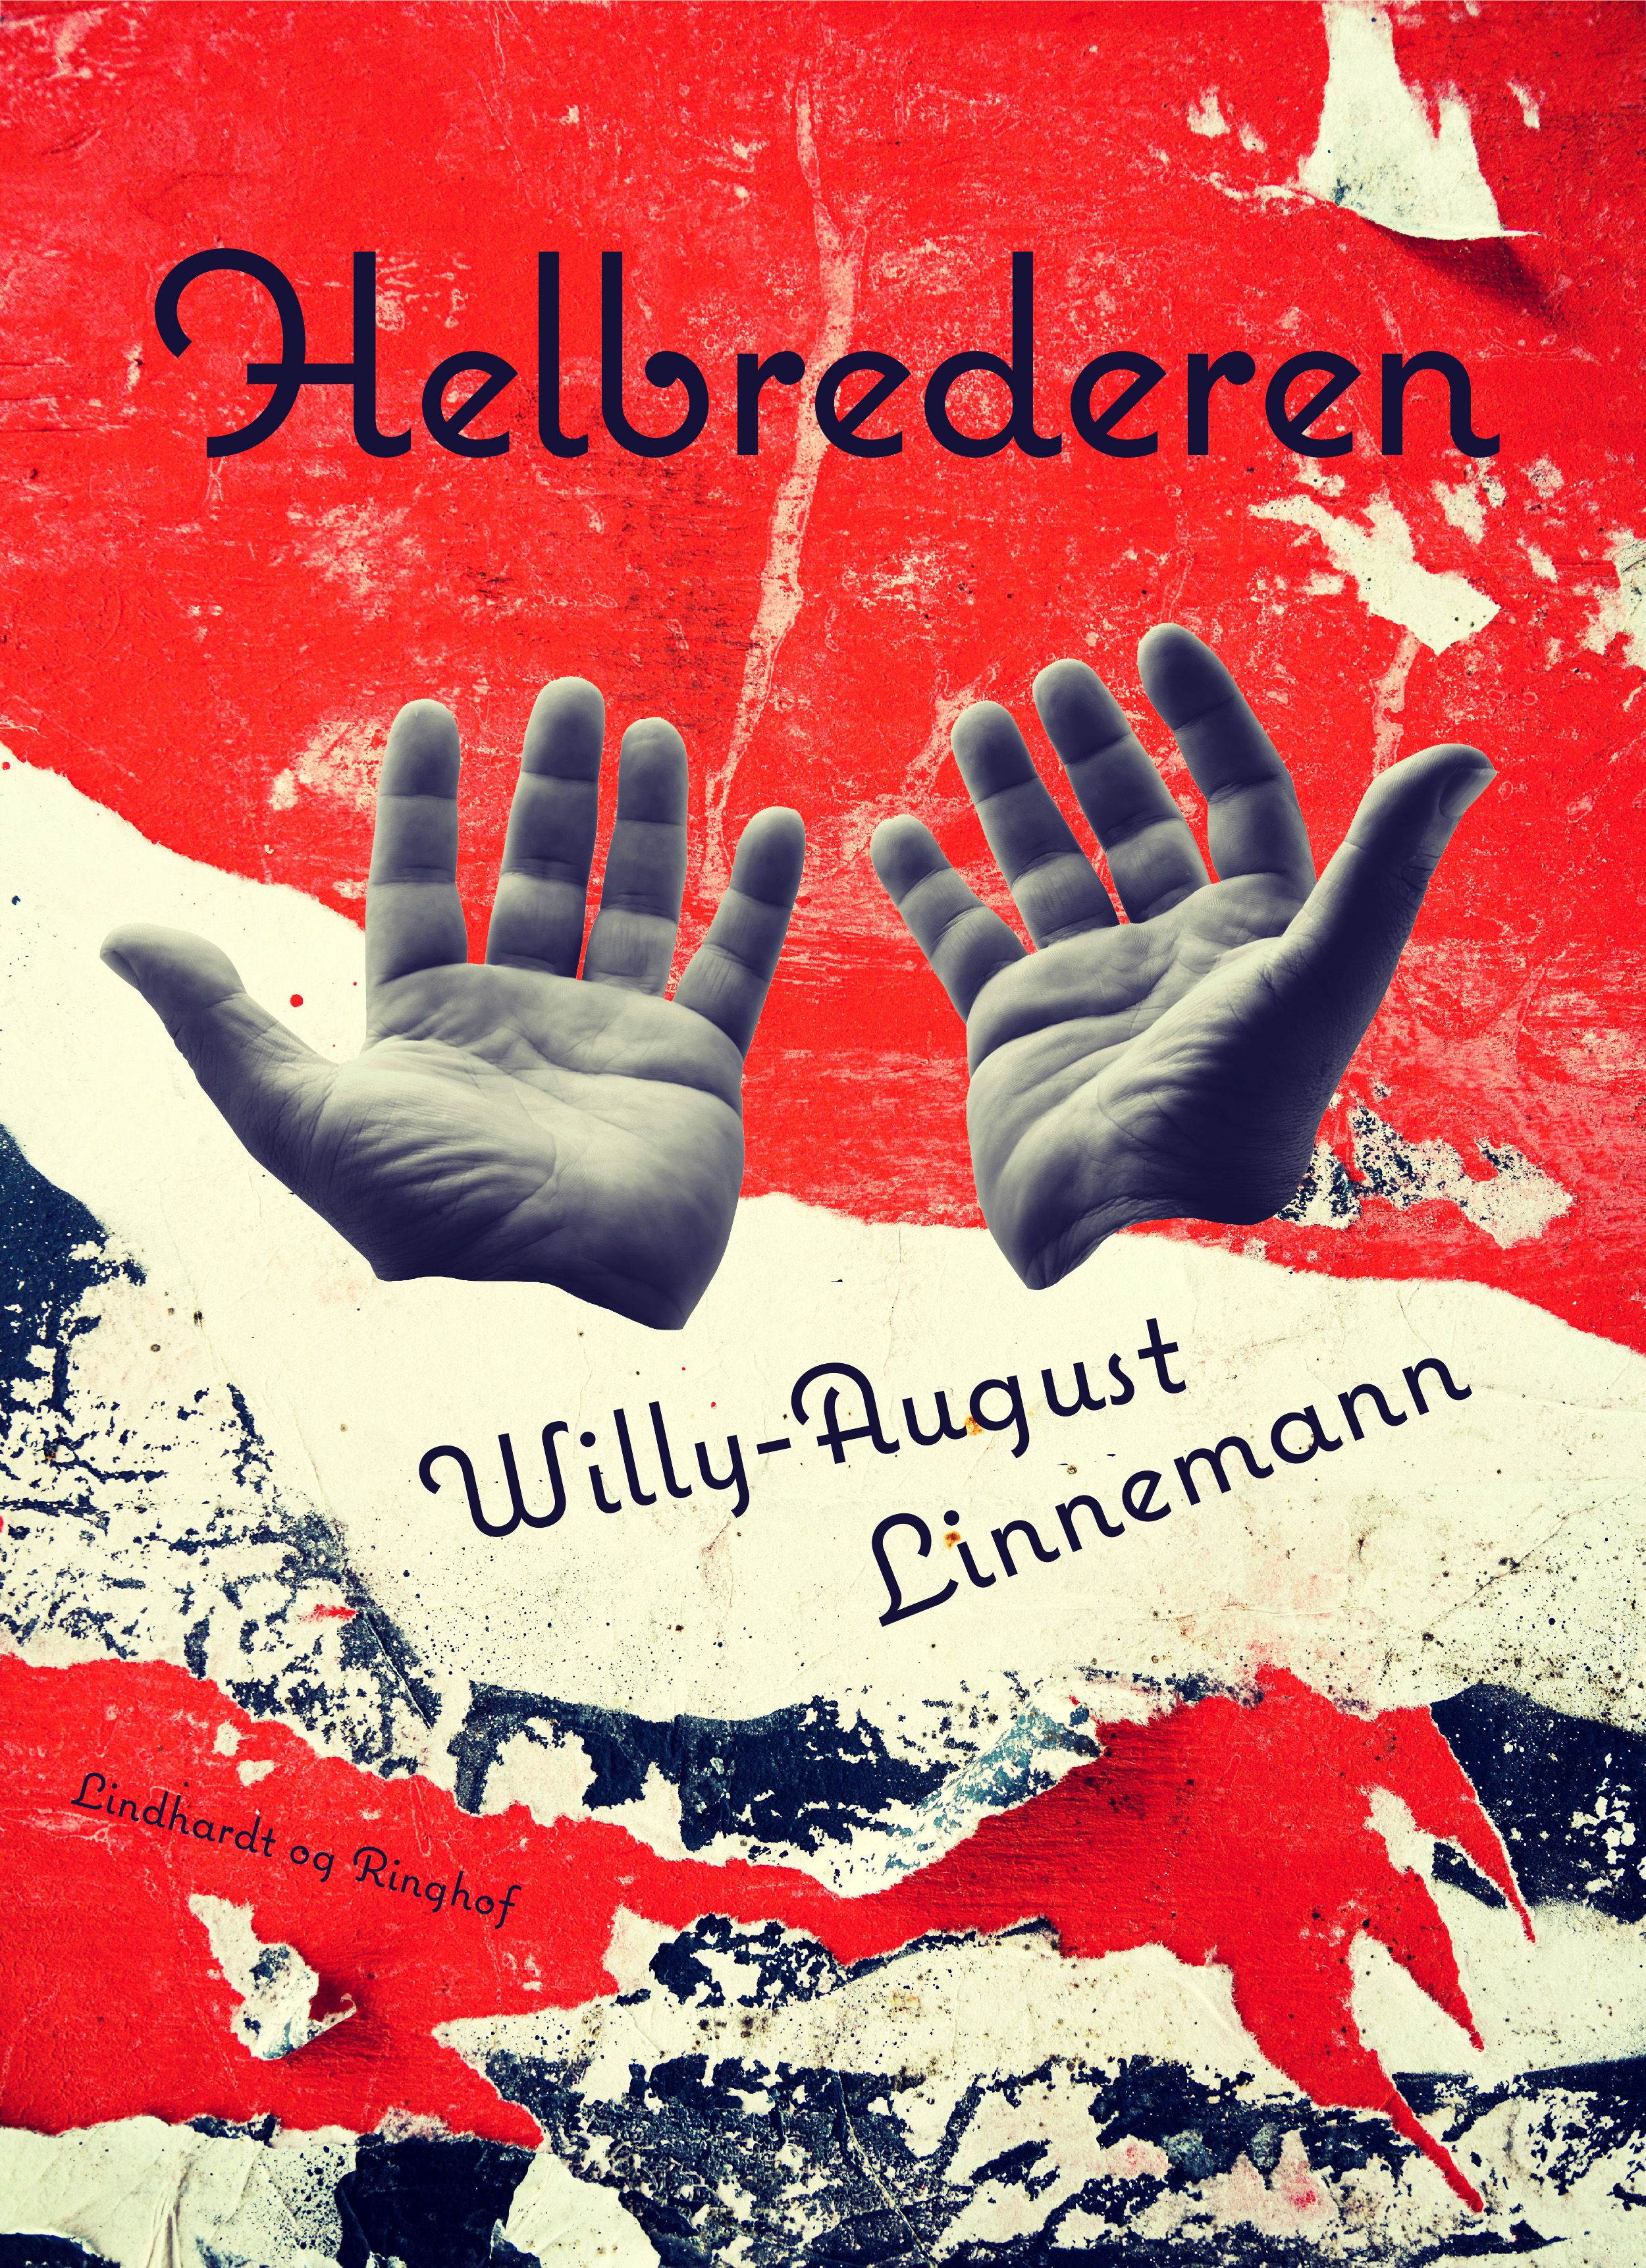 Helbrederen, e-bog af Willy-August Linnemann
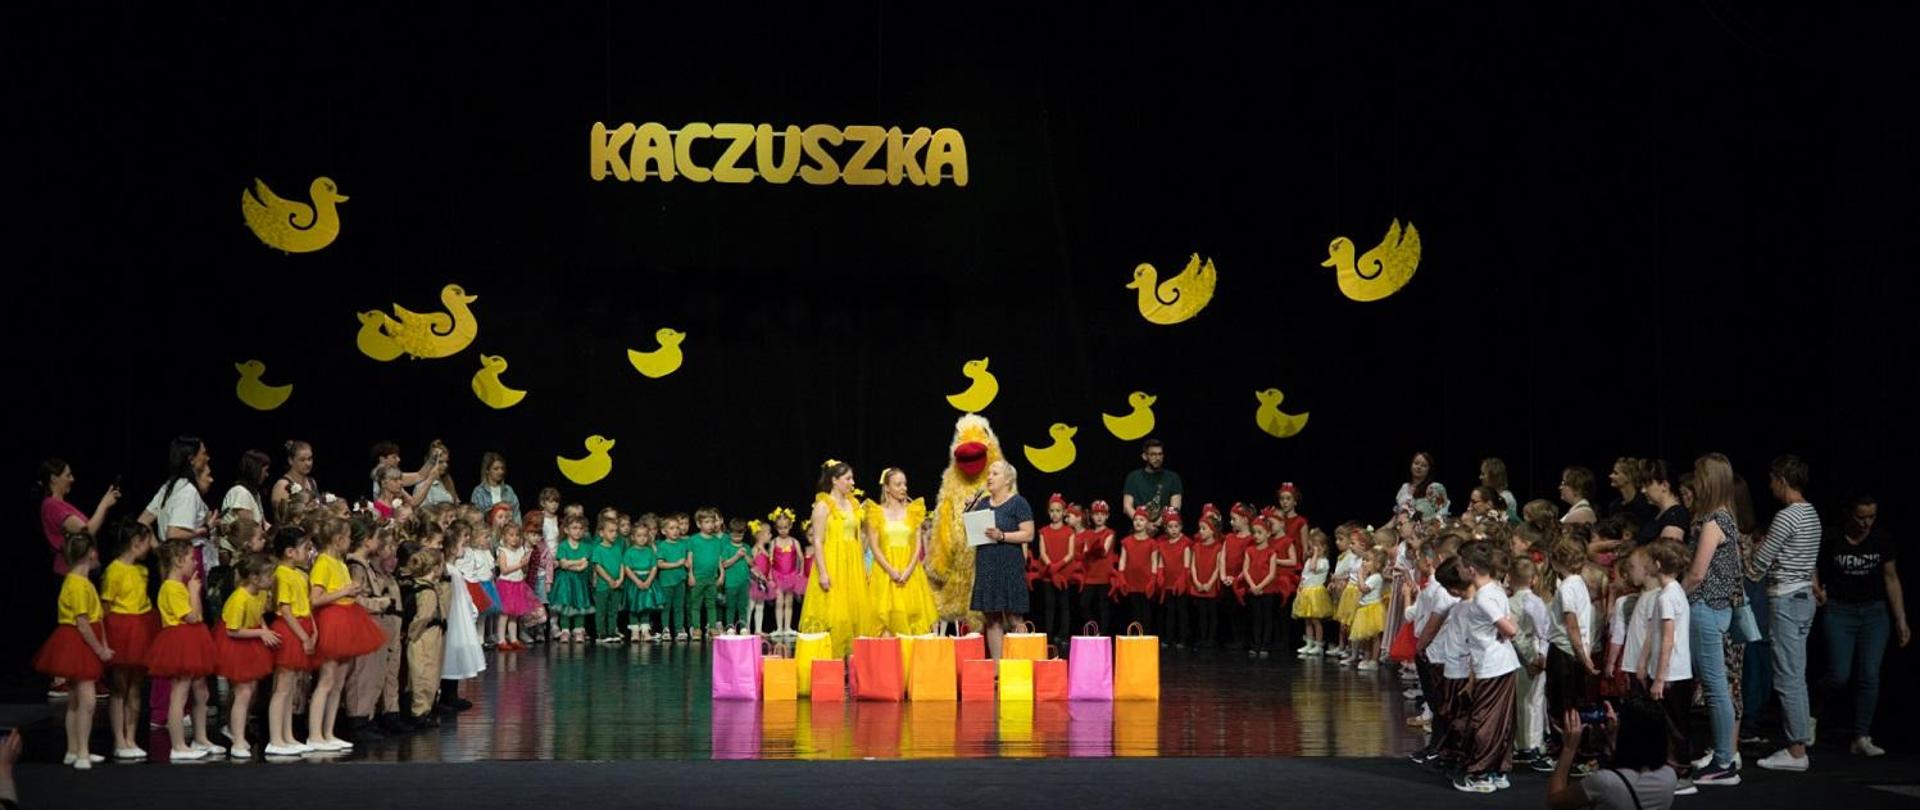 Zdjęcie przedstawia stojących na scenie uczestników Festiwalu Tańczących Dzieci „Kaczuszka”. Na górze sceny jest żółty napis Kaczuszka, obok są żółte kaczki. 
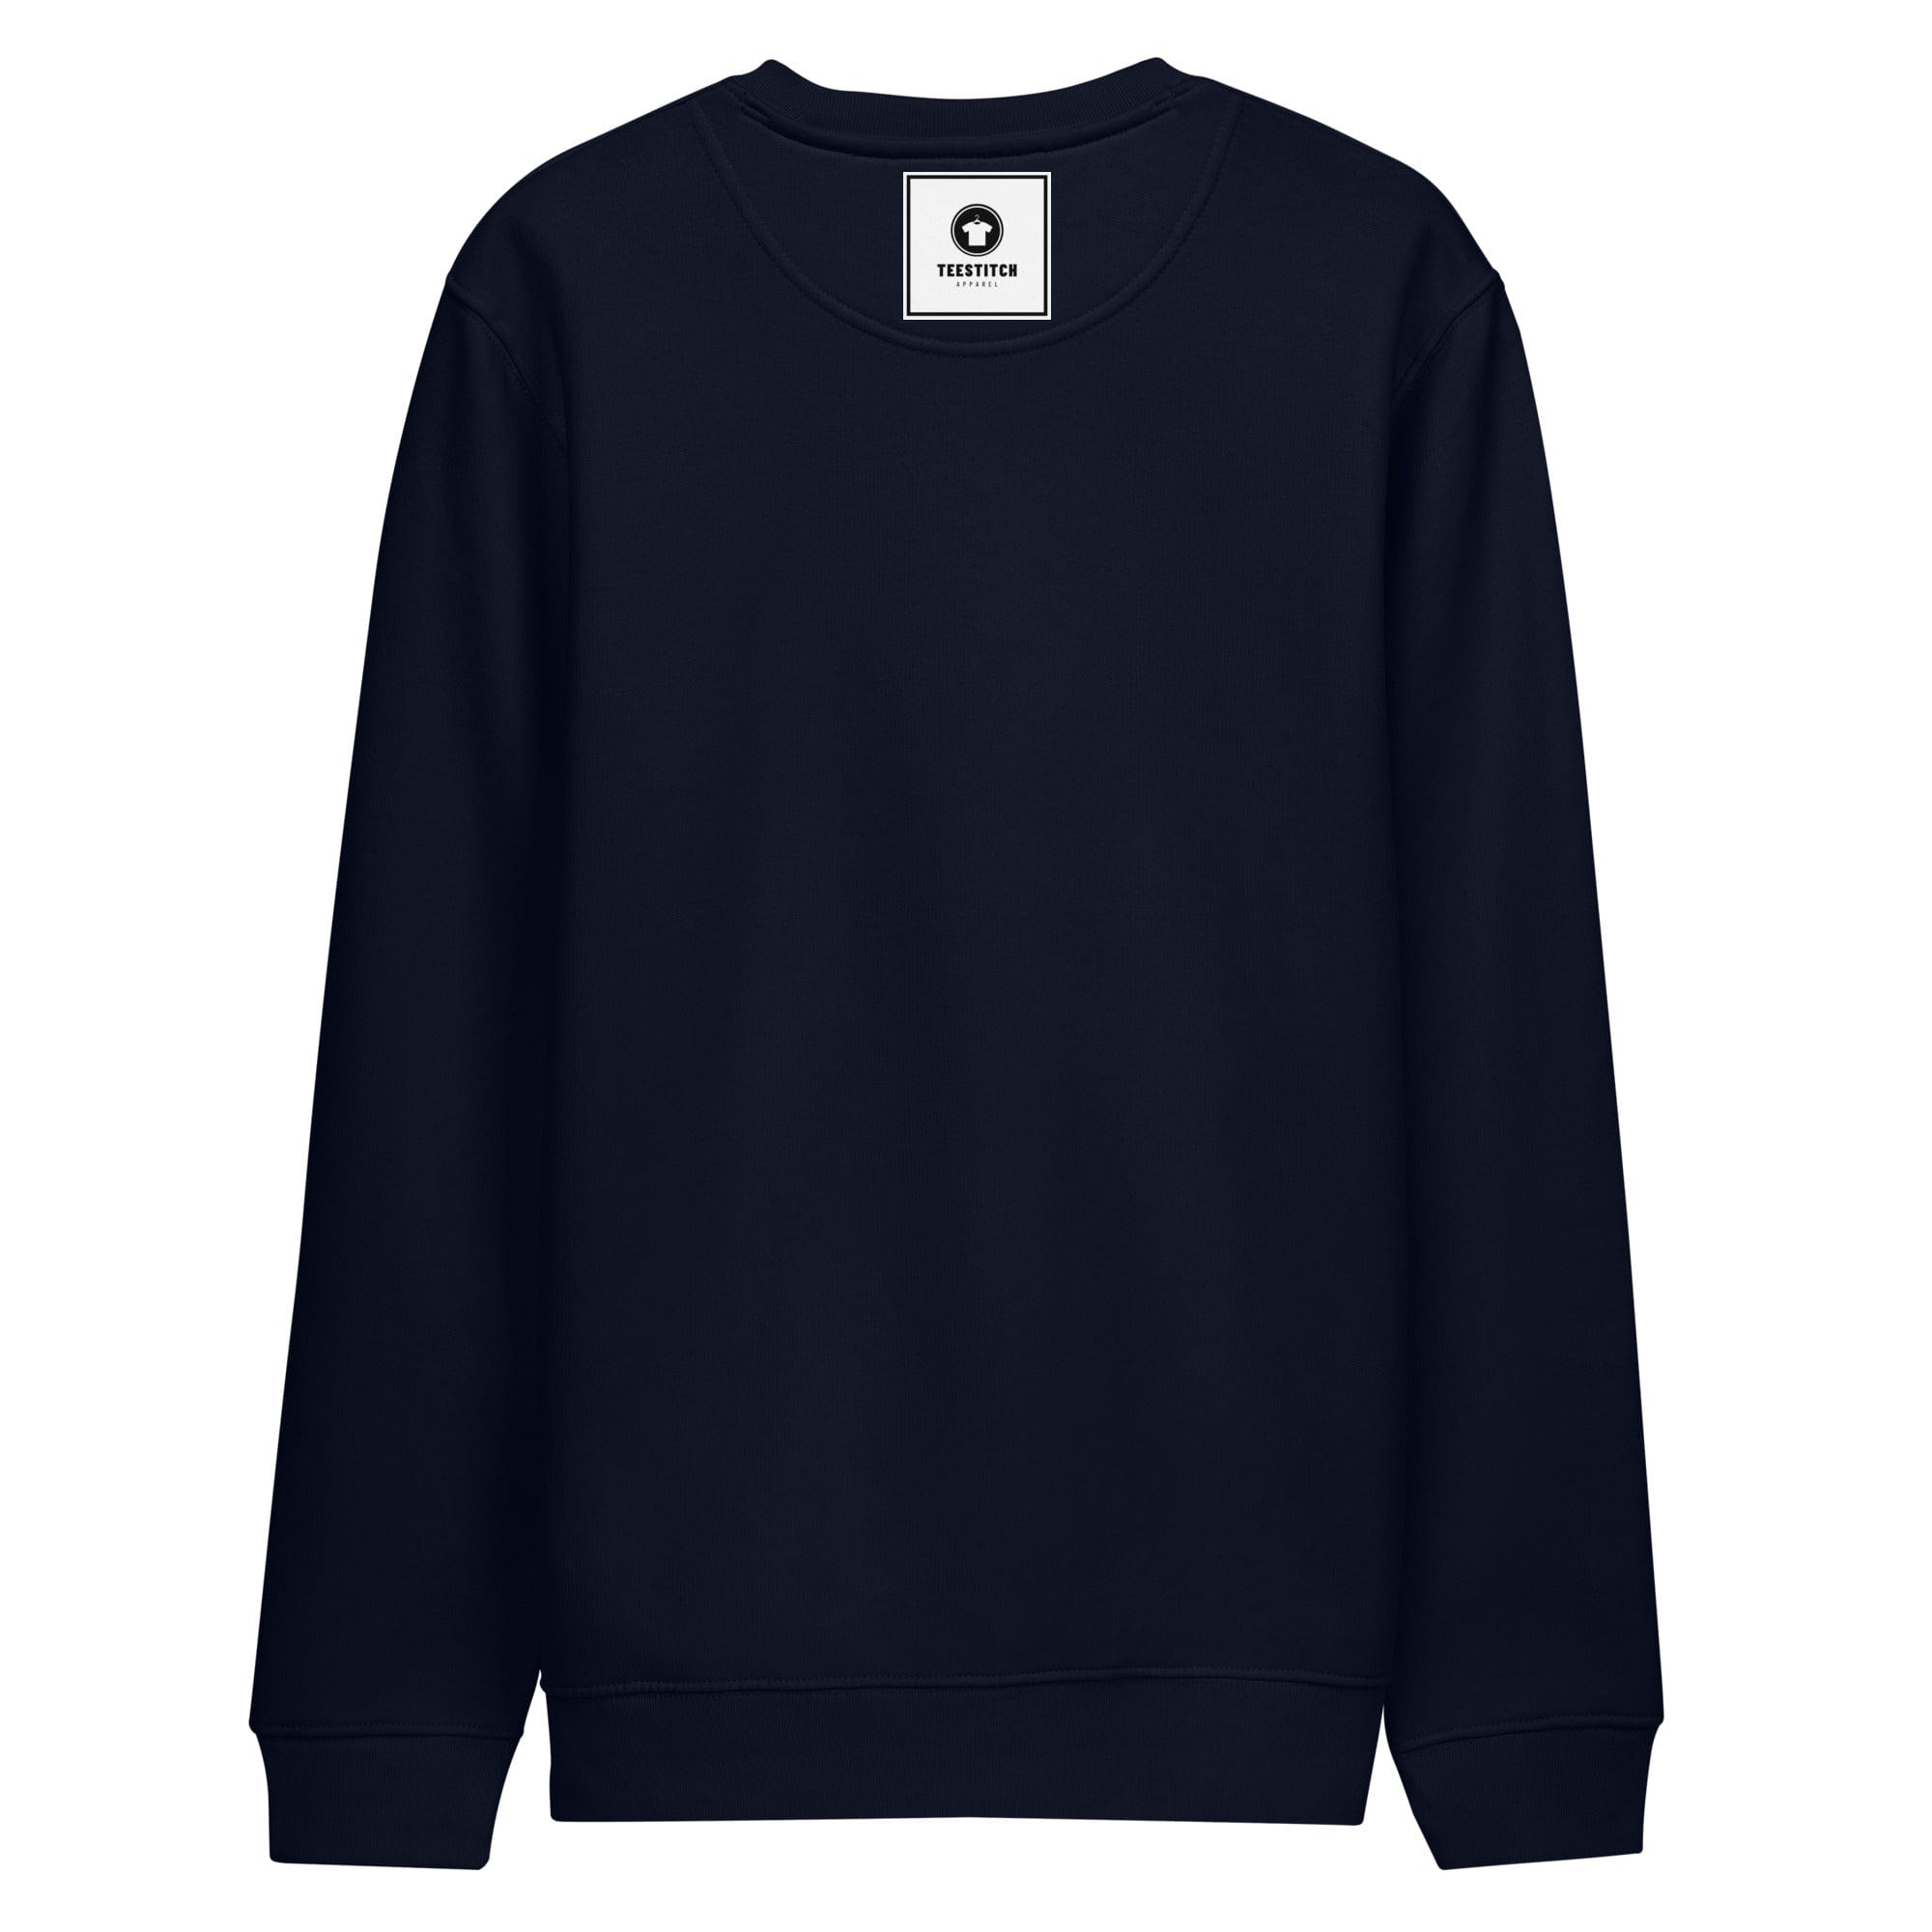 Taurus - Unisex Sweatshirt || TeeStitch Apparel Sweatshirt image

Requirement —
Print all of the material exactly. Omit pictures.

Task result —
 Helbrederen, e-bog af Willy-August Linnemann
 Zdjęcie przedstawia stojących na scenie uczestników Festiwalu Tańczących Dzieci „Kaczuszka”. Na górze sceny jest żółty napis Kaczuszka, obok są żółte kaczki. 
 Taurus - Unisex Sweatshirt || TeeStitch Apparel Sweatshirt image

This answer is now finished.